The following urlcp settings control authentication information sent to the web server (e.g. for restricted-access pages):

  • authenticateservermutually (boolean)

    Whether to attempt to also mutually authenticate the server during a 401 Unauthorized authentication transaction. Experimental; may not be supported; may change or be dropped in future releases. Only supported in Negotiate authentication. Added in version 7.04. Default off.

  • authschemes [add|del|set] [$schemes ...]  
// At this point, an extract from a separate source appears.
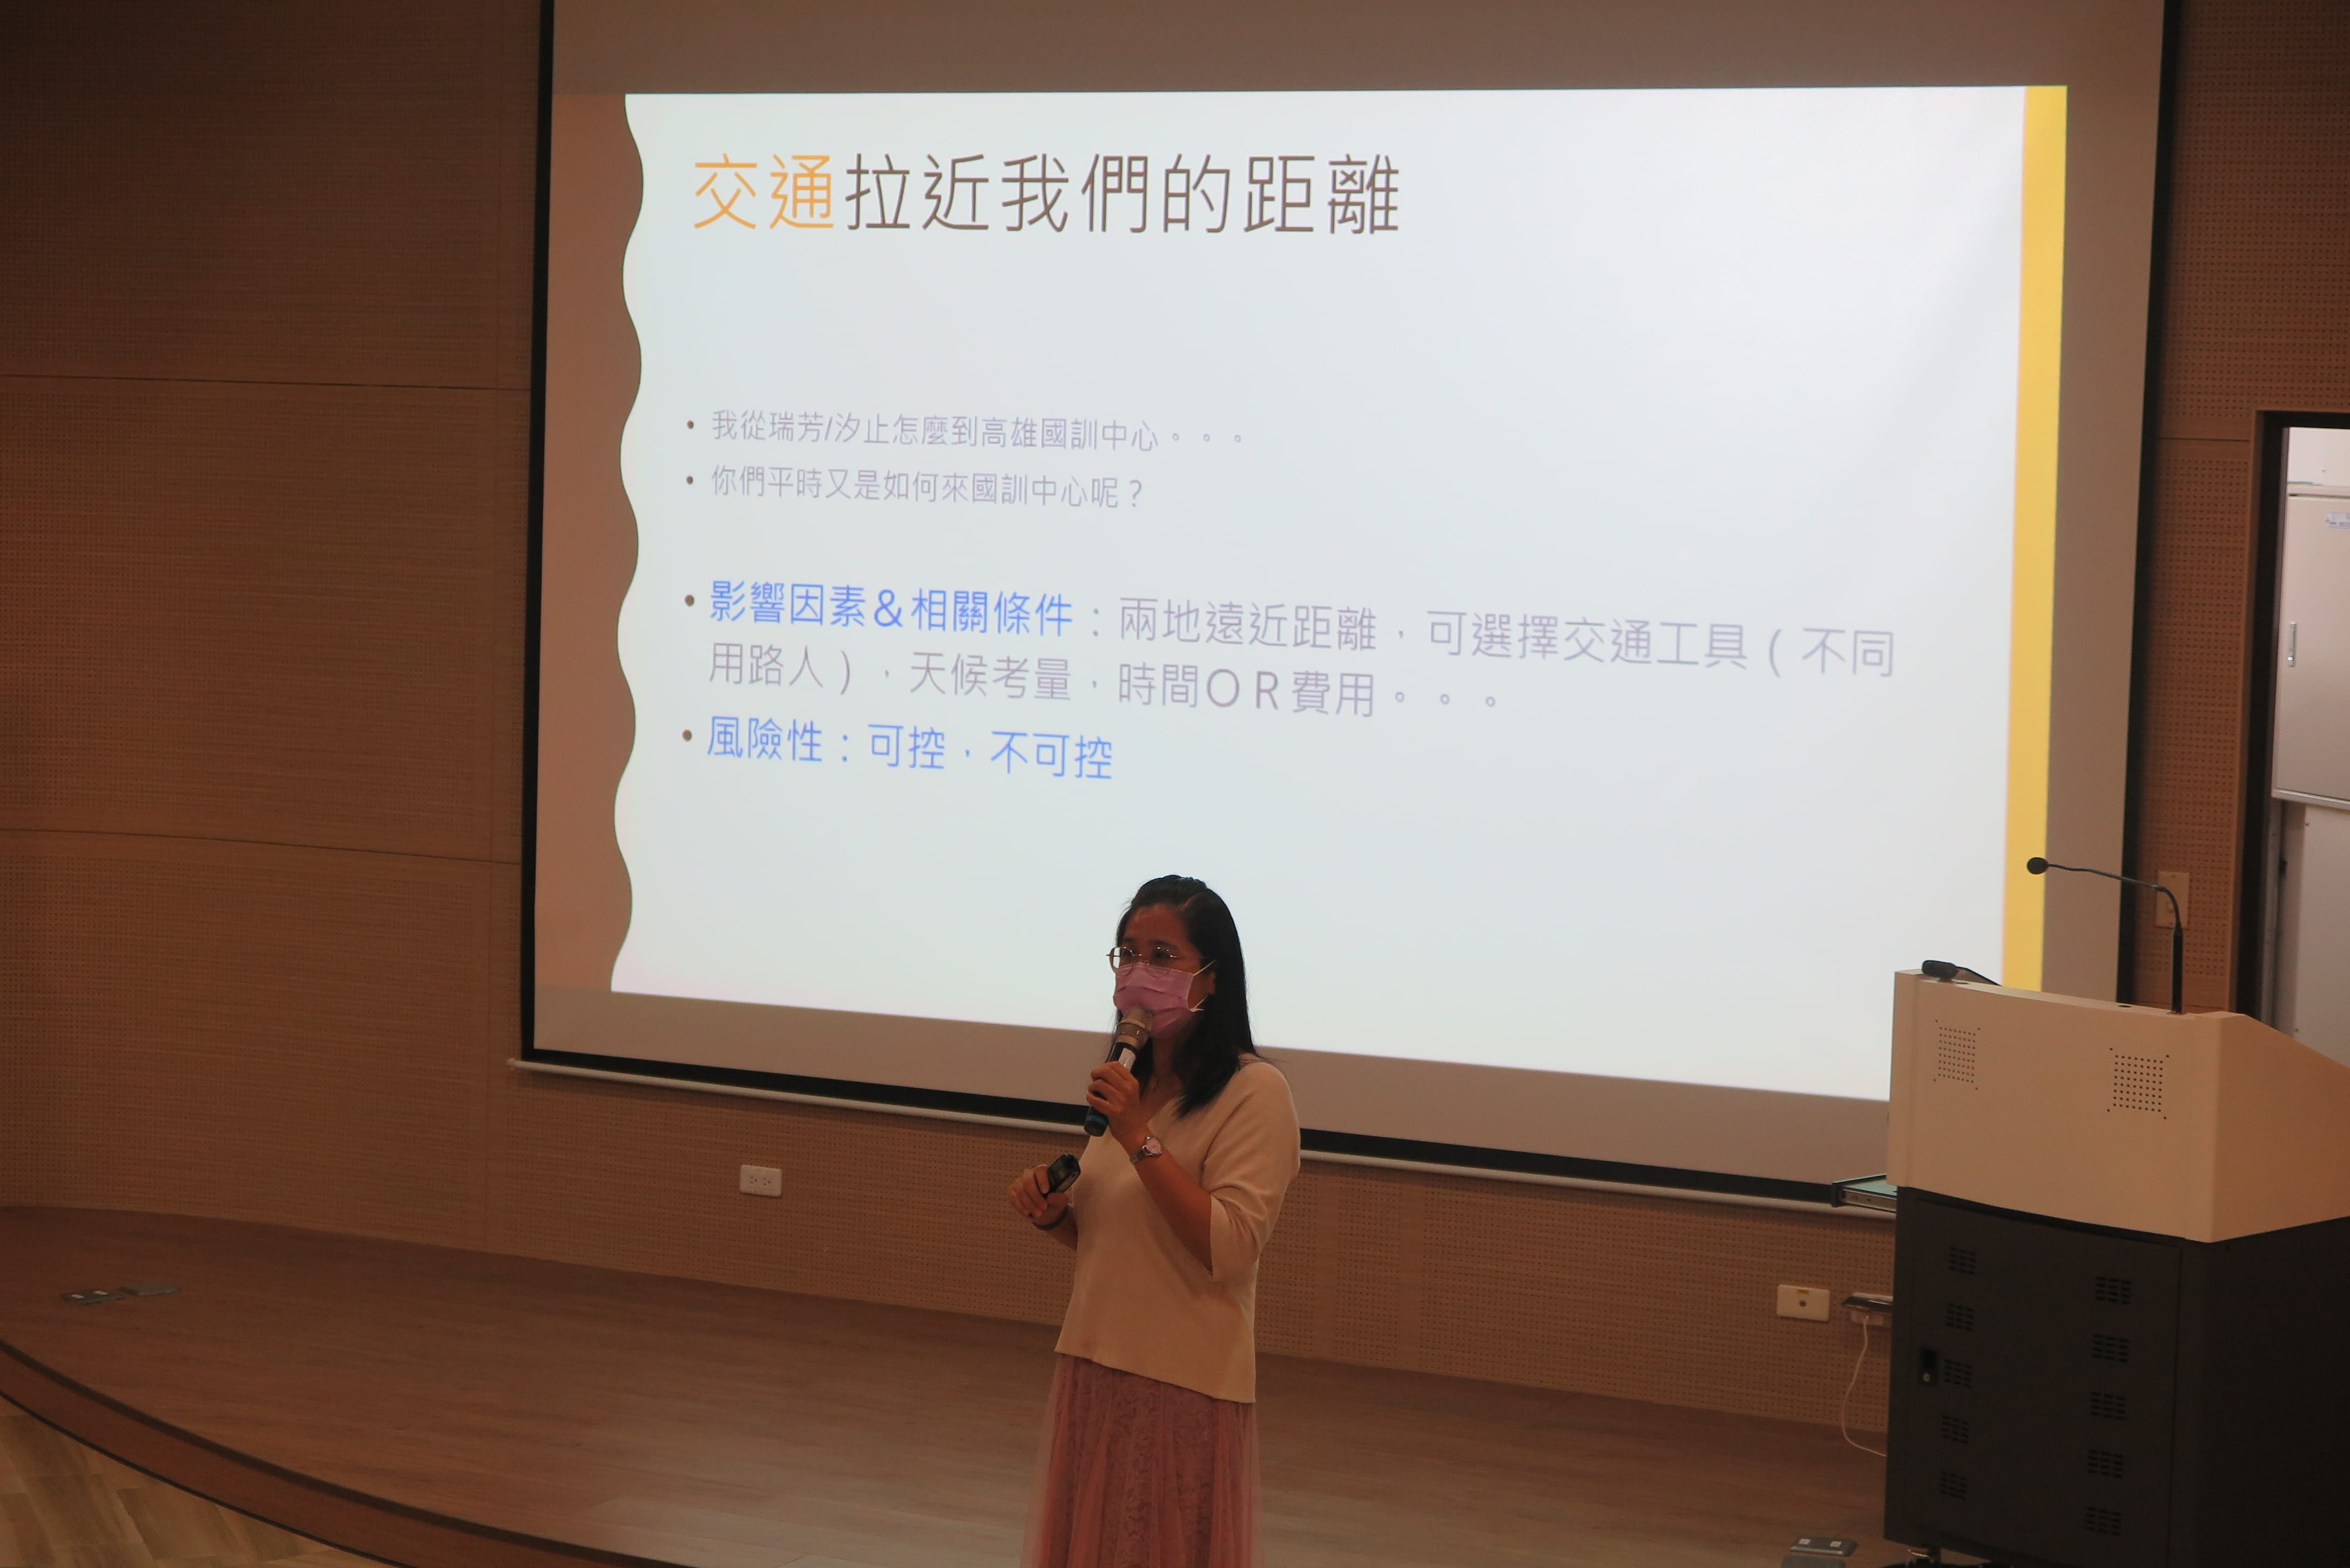 國訓中心邀請瑞芳高工楊惠娥老師辦理交通安全講座。

    Sets which authentication schemes to use. $schemes can be one or more of anonymous (i.e. none), FTP, Basic, file, Negotiate, NTLM, NTLMv1 or NTLMv2. (Authentication via SSL client certificates is handled at the SSL not HTTP level; see the sslcertificatefile setting, here.) NTLM is an alias for both NTLMv1 and NTLMv2 together. Returns previous list. The default is all of the above, except for NTLMv1 (and Negotiate, if not supported on current platform) . If the first value of the first argument is add, the given list will be added to the allowed list; if del, deleted from; if set, cleared and set (the default). Added in version 5.1. NTLMv2 support was added in version 5.01.1213917000 20080619; previously, NTLM meant NTLMv1 only, and the NTLMv1 and NTLMv2 settings did not exist. Negotiate was added in version 7.04, and is only supported under Linux 2.6 and later. Under Windows, Negotiate might be supported via <urlcp netmode sys>.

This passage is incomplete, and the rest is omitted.